## What is being asked
In the records below, please retype word for word every line from the one containing "Genf - Nuevos" through the final one, both included, and nothing else.

[Records drawn from a dataset]
+-------+
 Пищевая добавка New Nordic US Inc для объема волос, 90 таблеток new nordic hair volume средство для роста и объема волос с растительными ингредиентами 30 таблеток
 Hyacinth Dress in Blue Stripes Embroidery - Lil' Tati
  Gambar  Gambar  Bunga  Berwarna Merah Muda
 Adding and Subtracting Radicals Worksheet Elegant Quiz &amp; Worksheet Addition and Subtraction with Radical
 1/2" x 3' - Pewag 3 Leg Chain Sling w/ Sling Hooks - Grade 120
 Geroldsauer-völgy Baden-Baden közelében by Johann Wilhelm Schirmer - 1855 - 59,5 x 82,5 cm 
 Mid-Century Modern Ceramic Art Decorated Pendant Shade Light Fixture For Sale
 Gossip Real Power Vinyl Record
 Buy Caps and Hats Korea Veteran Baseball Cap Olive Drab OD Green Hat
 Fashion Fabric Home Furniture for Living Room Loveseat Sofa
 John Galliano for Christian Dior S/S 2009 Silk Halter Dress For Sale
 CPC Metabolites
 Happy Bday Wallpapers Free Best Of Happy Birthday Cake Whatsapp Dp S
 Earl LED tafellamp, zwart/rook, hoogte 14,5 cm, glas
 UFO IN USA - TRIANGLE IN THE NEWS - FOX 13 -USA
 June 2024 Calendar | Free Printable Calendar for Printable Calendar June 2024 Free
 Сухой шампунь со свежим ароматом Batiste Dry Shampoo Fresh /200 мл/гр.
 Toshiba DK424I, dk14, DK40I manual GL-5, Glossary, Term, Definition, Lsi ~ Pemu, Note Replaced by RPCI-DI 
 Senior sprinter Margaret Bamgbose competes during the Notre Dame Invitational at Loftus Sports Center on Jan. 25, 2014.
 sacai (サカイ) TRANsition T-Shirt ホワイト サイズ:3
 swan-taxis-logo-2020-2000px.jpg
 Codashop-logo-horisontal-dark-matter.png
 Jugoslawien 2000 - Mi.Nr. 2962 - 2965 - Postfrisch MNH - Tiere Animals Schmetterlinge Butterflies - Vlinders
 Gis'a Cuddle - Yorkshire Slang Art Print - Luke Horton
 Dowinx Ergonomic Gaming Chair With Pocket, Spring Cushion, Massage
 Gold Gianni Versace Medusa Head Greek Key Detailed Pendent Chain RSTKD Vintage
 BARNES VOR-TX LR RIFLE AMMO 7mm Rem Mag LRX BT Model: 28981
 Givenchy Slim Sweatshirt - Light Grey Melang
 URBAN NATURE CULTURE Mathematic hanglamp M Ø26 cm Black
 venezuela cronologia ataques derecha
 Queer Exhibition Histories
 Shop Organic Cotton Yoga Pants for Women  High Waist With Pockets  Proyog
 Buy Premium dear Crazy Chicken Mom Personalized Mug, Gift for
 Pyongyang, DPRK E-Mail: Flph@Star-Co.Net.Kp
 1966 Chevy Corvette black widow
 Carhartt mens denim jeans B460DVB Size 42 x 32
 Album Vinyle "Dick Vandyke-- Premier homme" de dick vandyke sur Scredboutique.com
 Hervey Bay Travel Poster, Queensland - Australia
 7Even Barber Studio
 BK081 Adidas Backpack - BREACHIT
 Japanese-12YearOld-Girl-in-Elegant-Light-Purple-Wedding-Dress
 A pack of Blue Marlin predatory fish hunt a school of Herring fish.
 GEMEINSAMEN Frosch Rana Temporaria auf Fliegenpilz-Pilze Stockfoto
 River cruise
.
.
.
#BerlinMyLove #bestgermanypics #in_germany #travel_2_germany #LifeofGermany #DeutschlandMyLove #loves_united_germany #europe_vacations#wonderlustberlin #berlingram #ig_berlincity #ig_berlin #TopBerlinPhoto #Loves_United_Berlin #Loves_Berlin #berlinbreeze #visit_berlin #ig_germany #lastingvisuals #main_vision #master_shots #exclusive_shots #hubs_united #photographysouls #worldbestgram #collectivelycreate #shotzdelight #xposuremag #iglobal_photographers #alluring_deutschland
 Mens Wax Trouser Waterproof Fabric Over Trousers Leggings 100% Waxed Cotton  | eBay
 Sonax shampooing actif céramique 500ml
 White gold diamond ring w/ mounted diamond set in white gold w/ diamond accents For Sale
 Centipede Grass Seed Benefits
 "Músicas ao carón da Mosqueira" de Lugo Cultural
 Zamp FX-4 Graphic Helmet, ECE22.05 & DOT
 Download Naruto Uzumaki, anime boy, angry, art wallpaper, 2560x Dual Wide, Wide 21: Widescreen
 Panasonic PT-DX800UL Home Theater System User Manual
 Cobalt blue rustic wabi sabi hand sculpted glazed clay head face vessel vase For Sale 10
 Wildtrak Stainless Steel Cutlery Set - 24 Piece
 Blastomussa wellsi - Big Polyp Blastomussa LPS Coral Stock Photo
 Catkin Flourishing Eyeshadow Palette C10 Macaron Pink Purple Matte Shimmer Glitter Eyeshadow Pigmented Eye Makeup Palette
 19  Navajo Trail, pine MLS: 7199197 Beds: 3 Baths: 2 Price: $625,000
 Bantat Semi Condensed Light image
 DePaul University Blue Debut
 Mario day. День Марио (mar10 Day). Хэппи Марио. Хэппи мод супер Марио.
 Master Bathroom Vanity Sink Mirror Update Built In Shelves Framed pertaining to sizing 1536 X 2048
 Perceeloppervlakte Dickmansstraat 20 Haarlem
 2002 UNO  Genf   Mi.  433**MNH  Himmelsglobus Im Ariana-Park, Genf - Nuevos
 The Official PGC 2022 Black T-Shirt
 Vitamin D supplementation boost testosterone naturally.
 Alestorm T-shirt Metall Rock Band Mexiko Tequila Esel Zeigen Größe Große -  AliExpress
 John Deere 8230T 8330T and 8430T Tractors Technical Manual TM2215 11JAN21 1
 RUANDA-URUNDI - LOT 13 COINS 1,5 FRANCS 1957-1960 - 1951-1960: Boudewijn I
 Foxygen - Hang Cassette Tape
+-------+
## Written solution
 2002 UNO  Genf   Mi.  433**MNH  Himmelsglobus Im Ariana-Park, Genf - Nuevos
 The Official PGC 2022 Black T-Shirt
 Vitamin D supplementation boost testosterone naturally.
 Alestorm T-shirt Metall Rock Band Mexiko Tequila Esel Zeigen Größe Große -  AliExpress
 John Deere 8230T 8330T and 8430T Tractors Technical Manual TM2215 11JAN21 1
 RUANDA-URUNDI - LOT 13 COINS 1,5 FRANCS 1957-1960 - 1951-1960: Boudewijn I
 Foxygen - Hang Cassette Tape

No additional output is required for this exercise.